Bug #42789 ndb test programs crash on Solaris 10 compiled with Sun Studio 12
Submitted: 12 Feb 2009 13:20 Modified: 9 Sep 2009 13:20
Reporter: Guido Ostkamp Email Updates:
Status: Closed Impact on me:
None 
Category:Tests: Cluster Severity:S7 (Test Cases)
Version:mysql-5.1-telco-7.0 OS:Any
Assigned to: Jørgen Austvik CPU Architecture:Any
Tags: 6.4 -> 6.4.3

[12 Feb 2009 13:20] Guido Ostkamp
Description:
The NDB test program flexAsync is crashing (SIGSEGV) immediately after start on the first attempt to print something.

> dbx ./flexAsynch 
For information about new features see `help changes'
To remove this message, put `dbxenv suppress_startup_message 7.6' in your .dbxrc
Reading flexAsynch
Reading ld.so.1
Reading libmtmalloc.so.1
Reading libndbclient.so.4.0.0
Reading libpthread.so.1
Reading libthread.so.1
Reading librt.so.1
Reading libgen.so.1
Reading libsocket.so.1
Reading libnsl.so.1
Reading libm.so.2
Reading libCstd.so.1
Reading libCrun.so.1
Reading libc.so.1
Reading libaio.so.1
Reading libmd.so.1
(dbx) run -t 2
Running: flexAsynch -t 2 
(process id 2755)
Reading libc_psr.so.1
t@1 (l@1) signal SEGV (no mapping at the fault address) in NdbOut::endline at line 70 in file "NdbOut.cpp"
   70     m_out->println("");
(dbx) where
current thread: t@1
=>[1] NdbOut::endline(this = 0x1001128b0), line 70 in "NdbOut.cpp"
  [2] endl(_NdbOut = CLASS), line 103 in "NdbOut.hpp"
  [3] NdbOut::operator<<(this = 0x1001128b0, _f = 0x10000b9d8 = &endl(NdbOut&)), line 98 in "NdbOut.hpp"
  [4] main(argc = 3, argv = 0xffffffff7ffff538), line 195 in "flexAsynch.cpp"
(dbx) print m_out
m_out = (nil)

It turns out the m_out, public variable in class NdbOut is NIL. It appears this should have been initialized in storage/ndb/src/common/util/NdbOut.cpp through

  static FileOutputStream ndbouts_fileoutputstream(stdout);
  NdbOut ndbout(ndbouts_fileoutputstream);

However, it seems something is not properly setup at this time when the initialization takes places if this code is really executed which we are not sure about.

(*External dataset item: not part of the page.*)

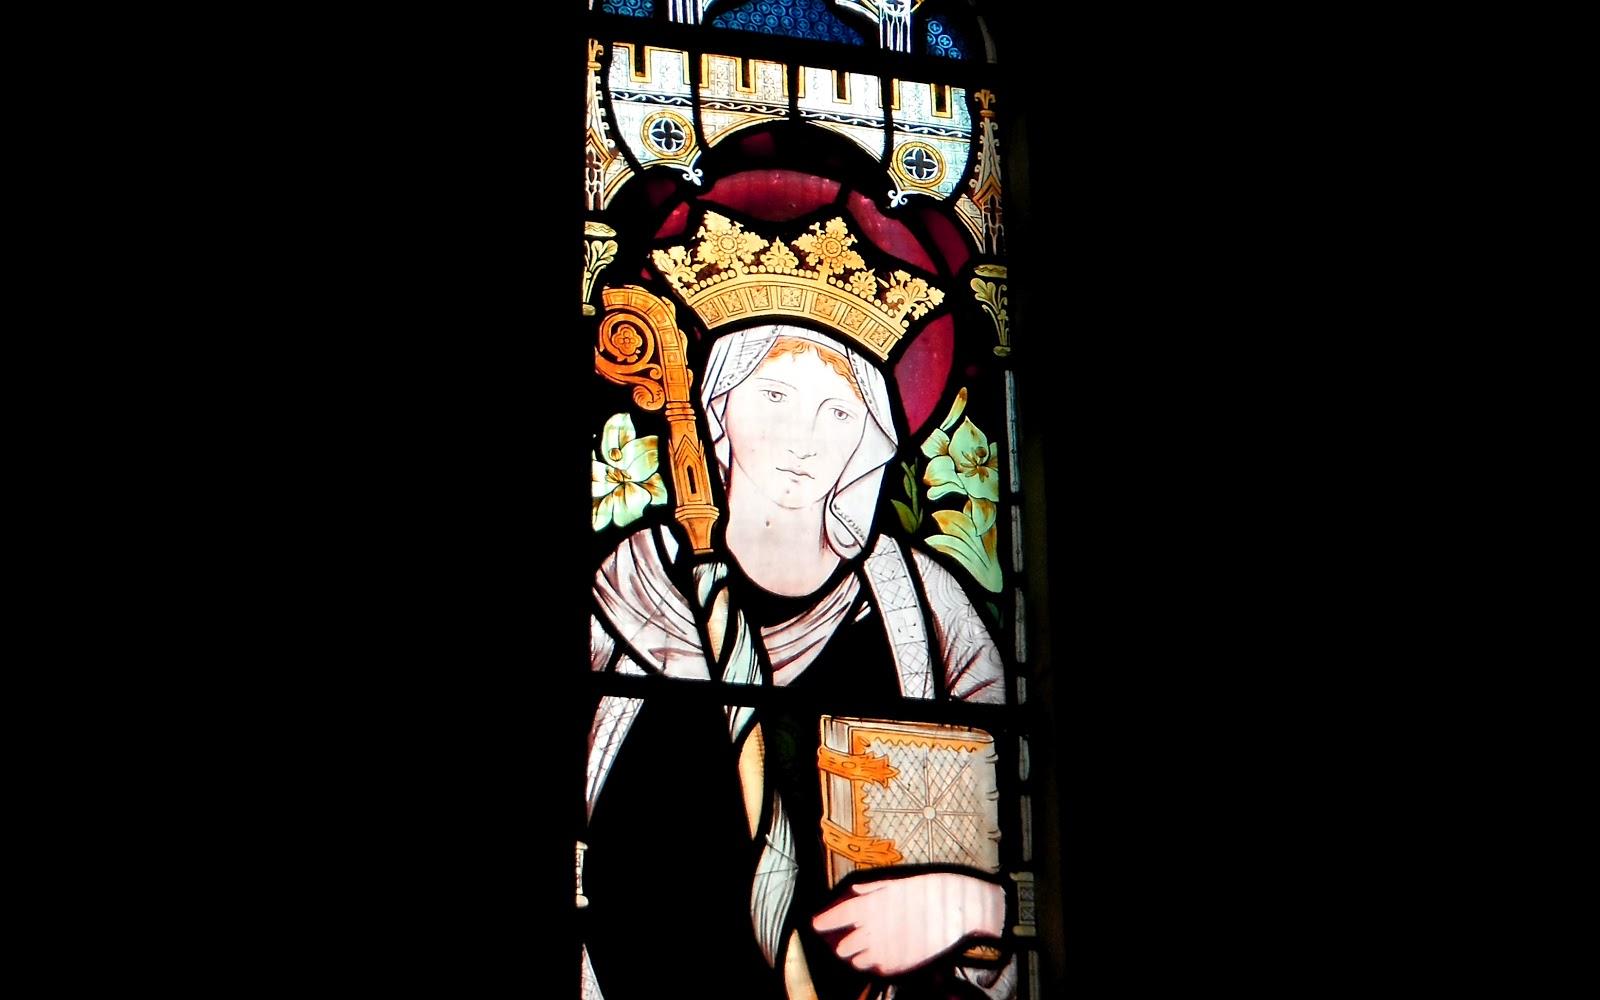 Stained-glass portrait of Saint Editha in Amington Church
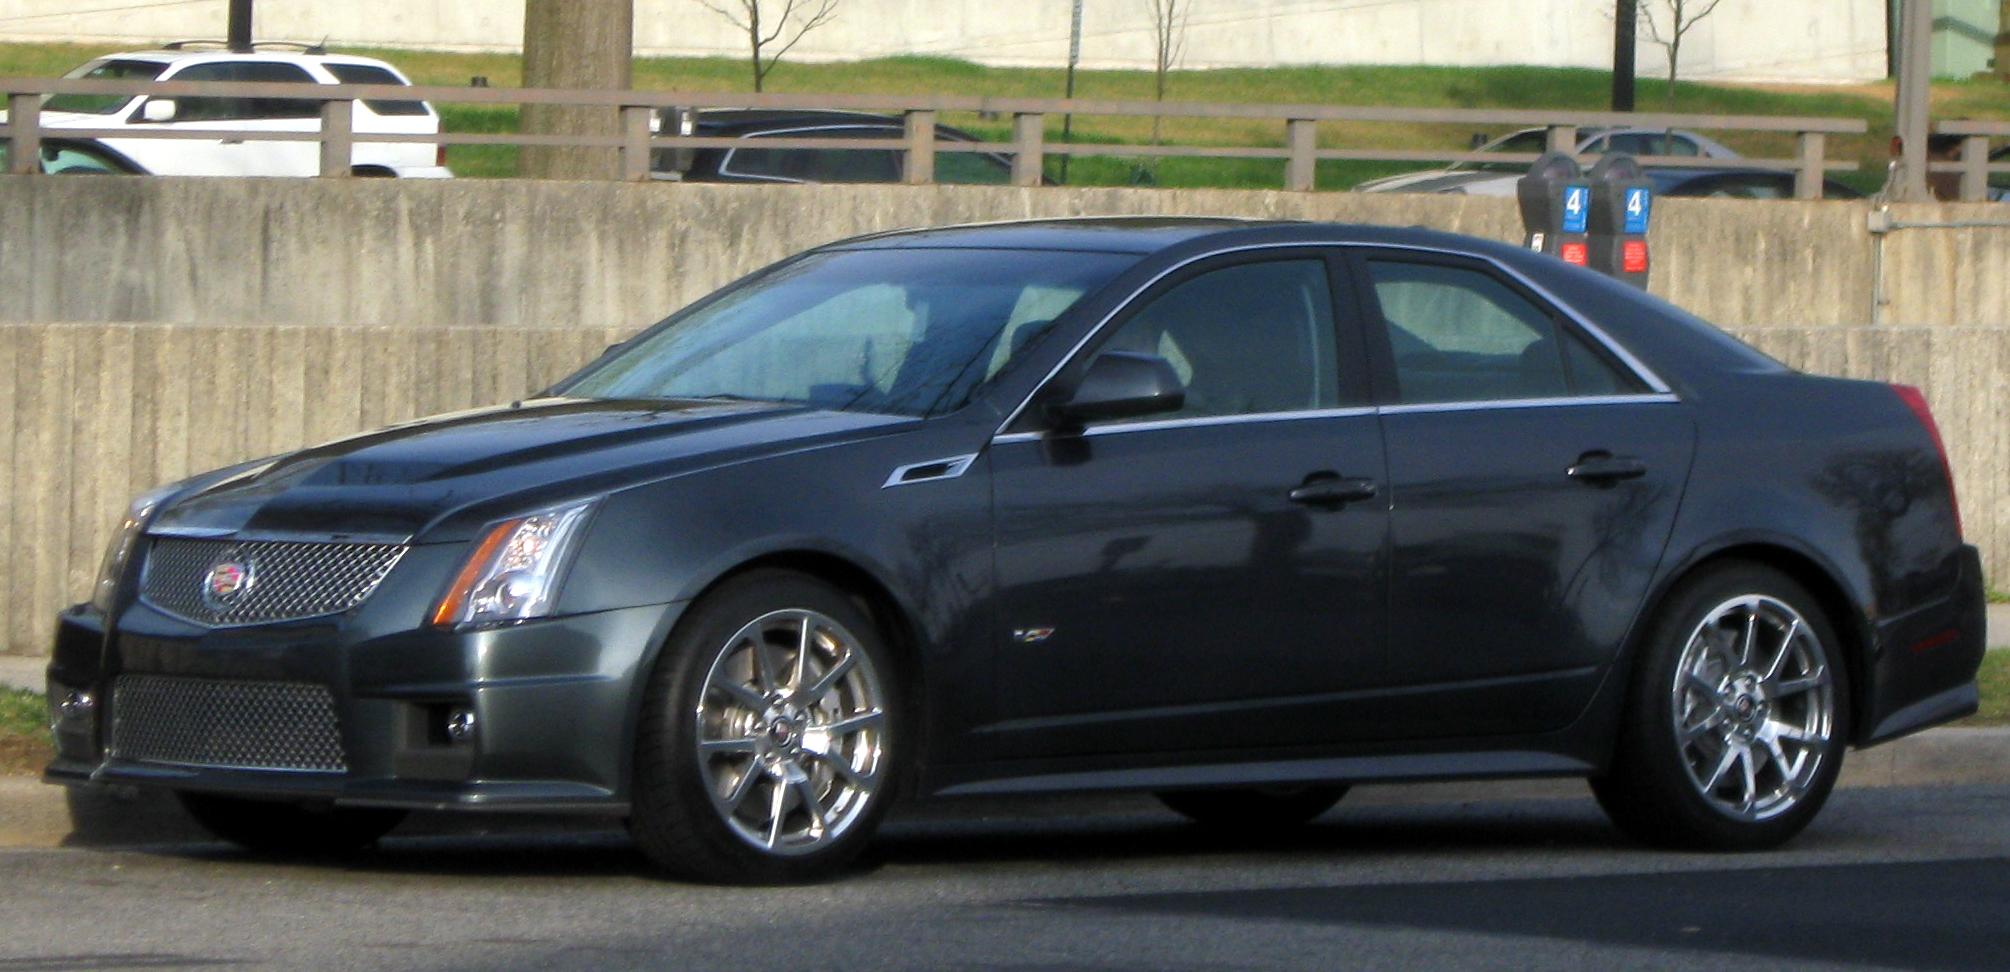 2010 Cadillac CTS-V #21 Cadillac CTS-V #21

The compilation was done using
CC=cc CXX=CC CFLAGS="-g -mt -m64" CXXFLAGS="-g -mt -m64" ./configure --prefix=/export/home/wsch/6.4_2009_01_29 --with-plugins=all --without-docs --without-man --with-debug=full

We are using MySQL-Cluster revision martin.skold@mysql.com-20090211204523-03nx13fjekybwez2 dated Wed 2009-02-11 21:45:23 +0100 on branch mysql-5.1-telco-6.4 build with Sun Studio 12.

We managed to workaround this problem using an ugly workaround as listed below which sets m_out again at runtime of main(), but the problem needs a real solution. The problem might also affect other tools, as class NdbOut might be used elsewhere.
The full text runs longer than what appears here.